Ambulance-like drone

The specially adapted ambulance-like defibrillator-equipped drone has been developed in partnership with engineers at FlyPulse AB, Trollhättan. For the present study, the drone was dispatched and automatically flown out of view of the pilot within a radius of 10 km. The drone was test-flown to the exact destination to which an ambulance had driven on 18 incidents of cardiac arrest between 2006 and 2013 in the Norrtälje municipality in Sweden; their respective arrival times were then compared.

The drone, which was sent from Älmsta (Norrtälje municipality) rescue services, had a response time from alarm to being airborne of only three seconds and an average time from alarm to arrival at the scene of cardiac arrest of approximately five minutes, 16 minutes shorter than was stated in the ambulance records.

Great potential of drones

An important part of the study is that the research team was given permission by the Swedish Transport Agency and the Swedish Civil Aviation Administration to fly out of sight and were therefore able to demonstrate the great potential that drones have to save lives in the event of cardiac arrest.

“In areas with longer ambulance response times of up to 30 minutes, the chances of surviving a cardiac arrest are tiny,” explains Mr Claesson. “Drones able to deliver defibrillators can reach the patient inside the first few minutes and are thus a new and important complement to existing emergency services.

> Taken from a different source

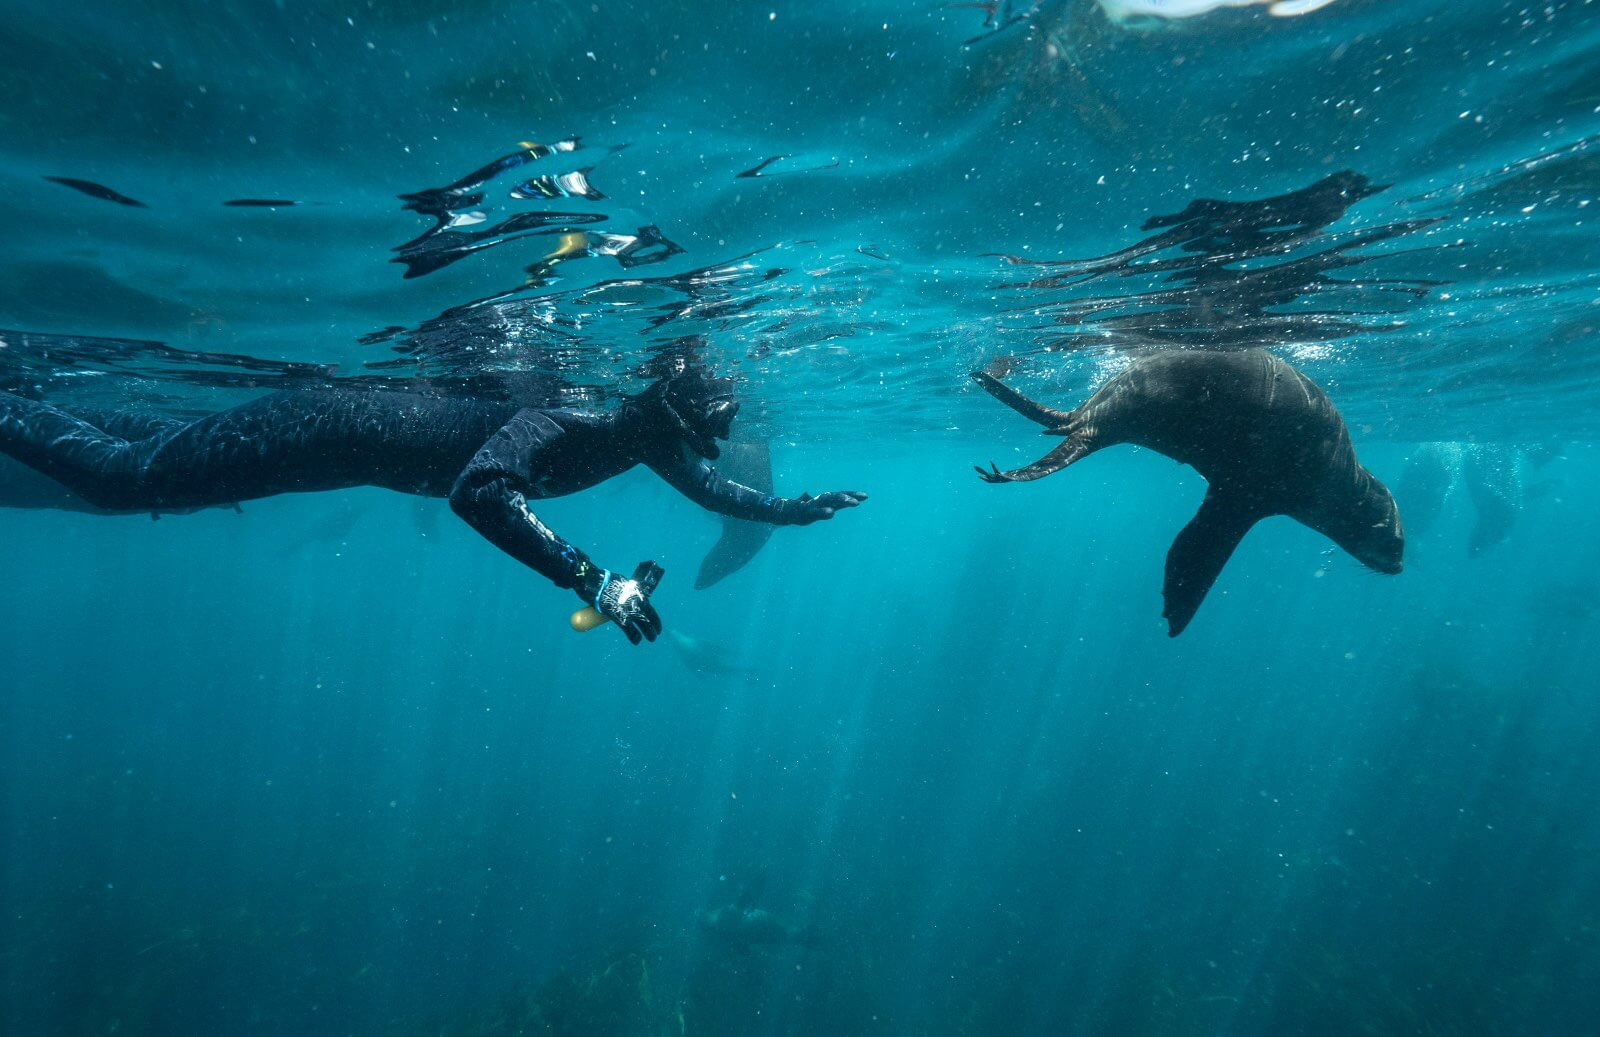 Meet the inhabitants of Seal Island

With an early shock from a defibrillator within the first 3-5 minutes after cardiac arrest, up to 70 per cent of patients can survive the event.”

Last October, ICT&health wrote about Unicef using drones do deliver medication in hard to get to areas in African countries. This particular UN project will explores whether a small unmanned aerial vehicle, or UAV, could deliver HIV test samples more efficiently than land transport in rural Malawi.